Soon the Roses are herded out into the grass in front of the television building, where they line up, some stumbling in their heels, to face a line of burly T-shirt-wearing photographers. For a moment I think I’m about to see the world’s strangest game of British Bulldog, but then they’re handed red balloons and Dáithí is placed in their midst.
Dáithí is a pro. He does whatever the photographers ask of him, all the while quipping away to the girls.
“Here’s one I made earlier!” he says, pretending to make a balloon animal. When the balloons are let fly away he goes as if to chase them. “We need those for the next launch!” he says in fake panic. “It’s not in my contract to run!” he cries out later, while running towards the camera.
“Dáithí’s gas,” I say to a couple of observing RTÉ employees.

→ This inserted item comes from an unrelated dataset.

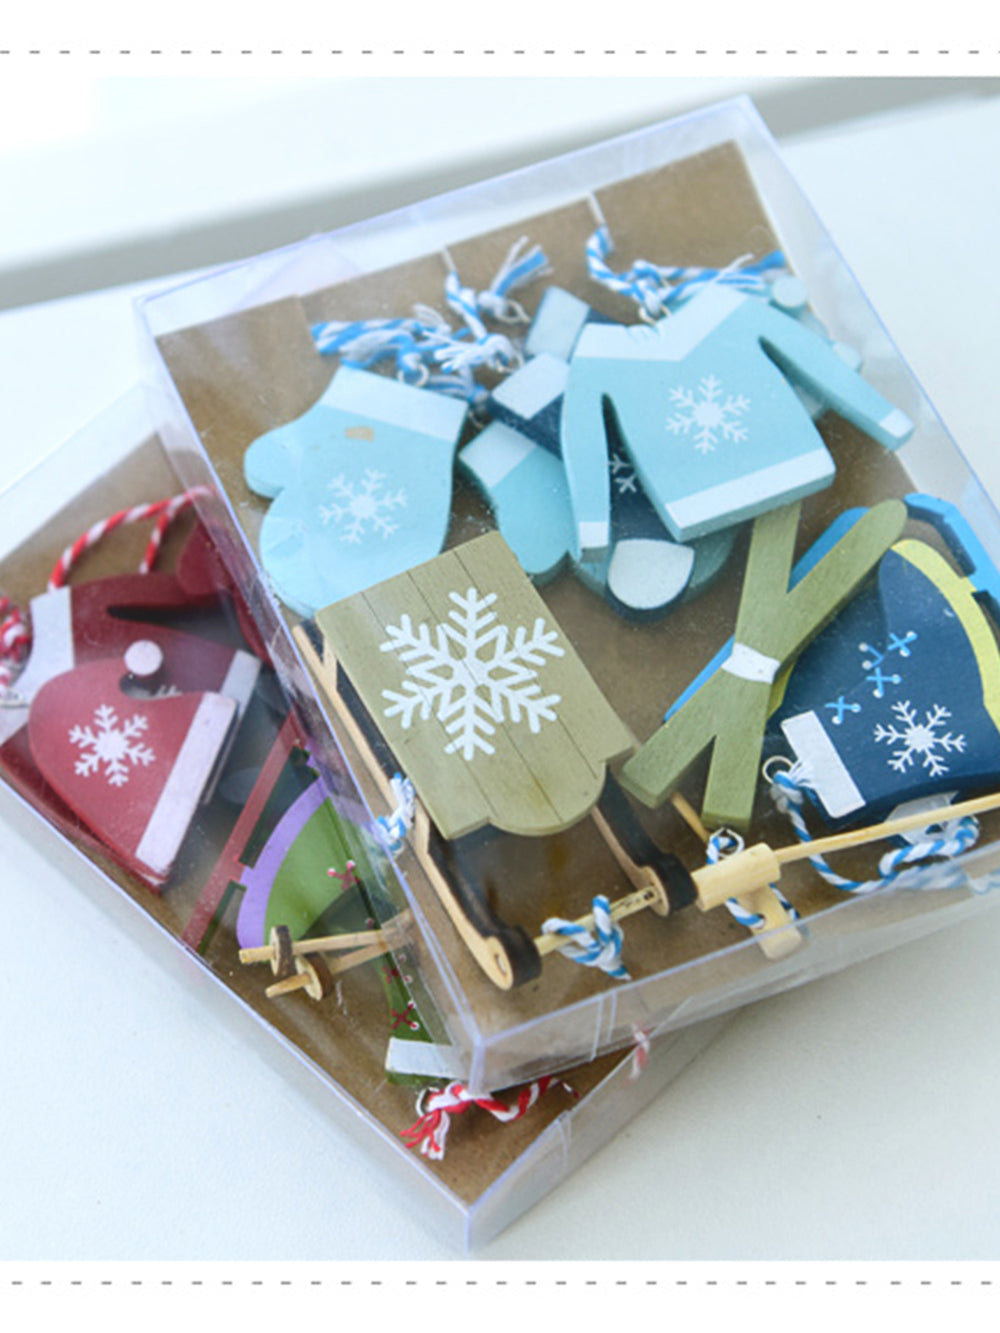 Boîte à pendentif en forme d'arbre de Noël, chaussettes, gants, traîneau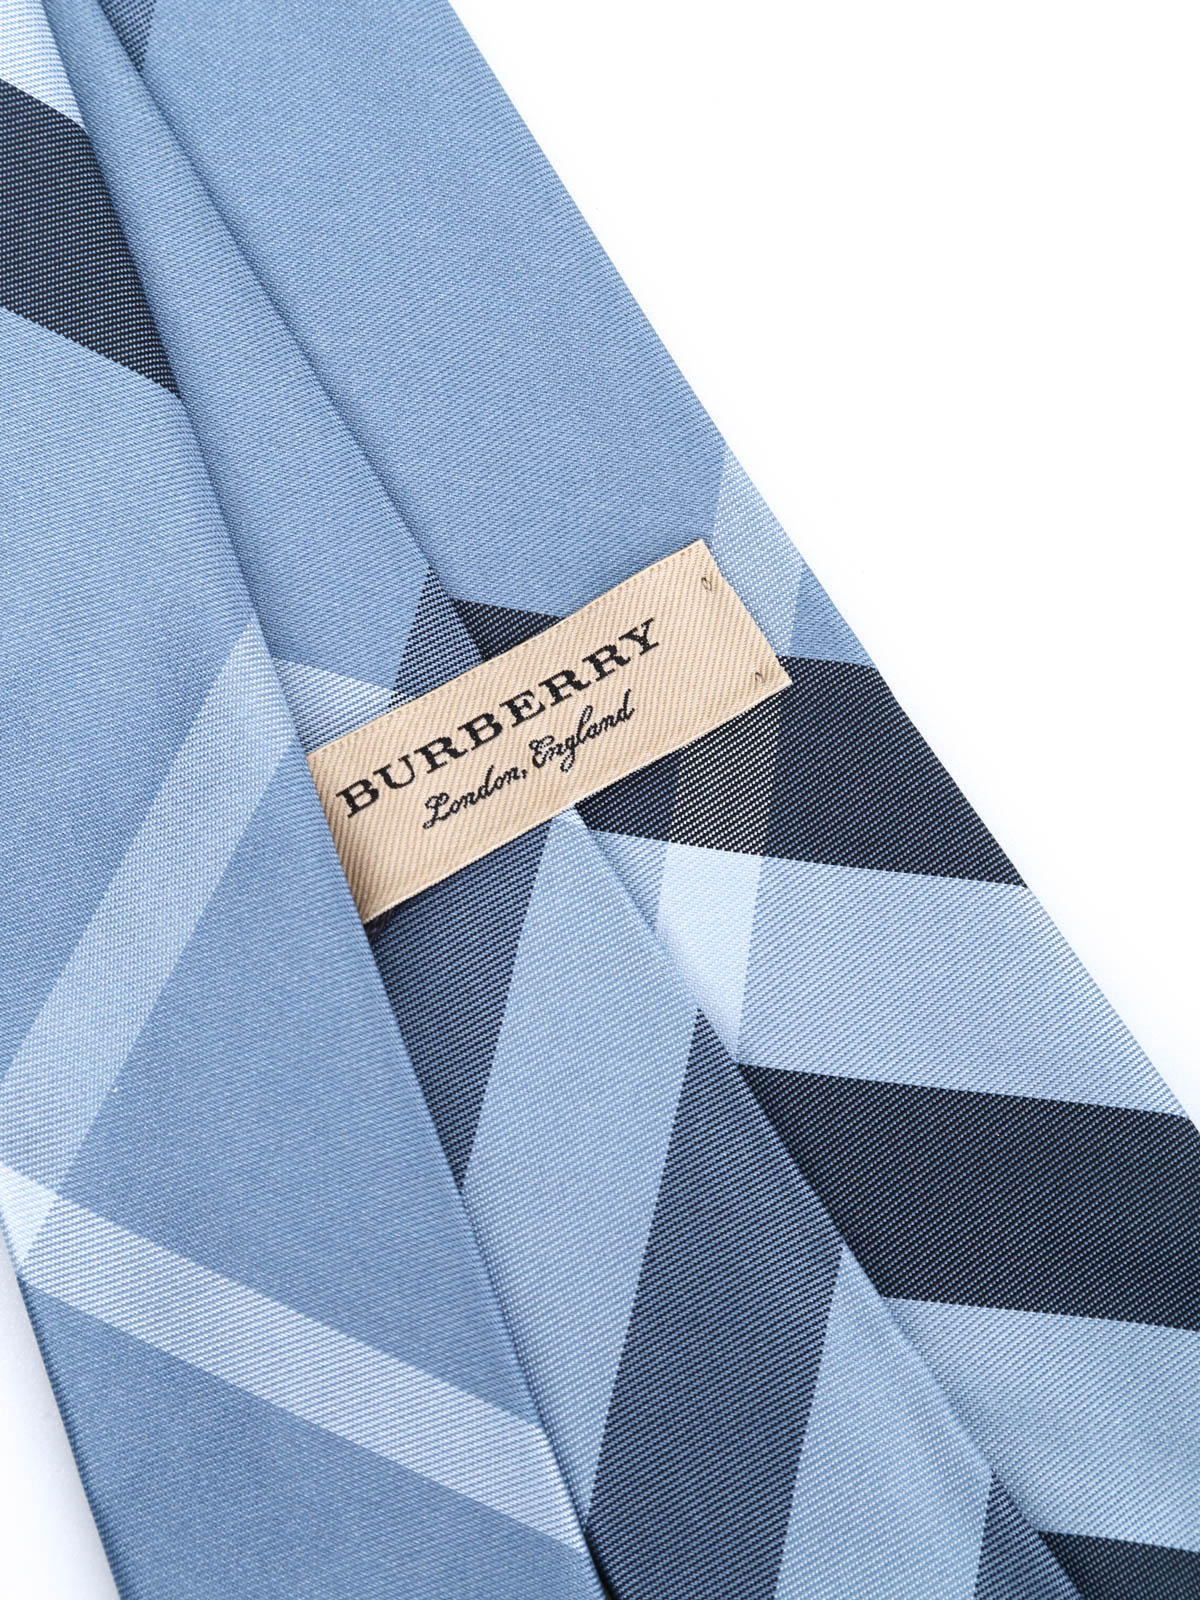 Ties & bow ties Burberry - Manston Check silk tie - 45575911

“He’s a unique individual alright,” says one lady, and we stare in admiration as he is held horizontally by five girls while gripping a real rose in his teeth.
After the big photo-op, journalists chat to the Roses. There’s talk of a party-trick that needs to be vetted by health and safety (“If it gets the go-ahead it’ll bring the house down,” says Dáithí) and there’s a lot of interest in Mayo Rose Dervla Kenny, a niece of the Taoiseach. “You can’t control who you’re related to,” she says with a big smile.
“It must be hard to keep smiling all the time,” I say to the Kerry Rose Anne-Marie Hayes, a doctor. “Ah, you never get tired of smiling,” she says. “It’s the most relaxed pose for your face, actually, a smile.” And then she smiles.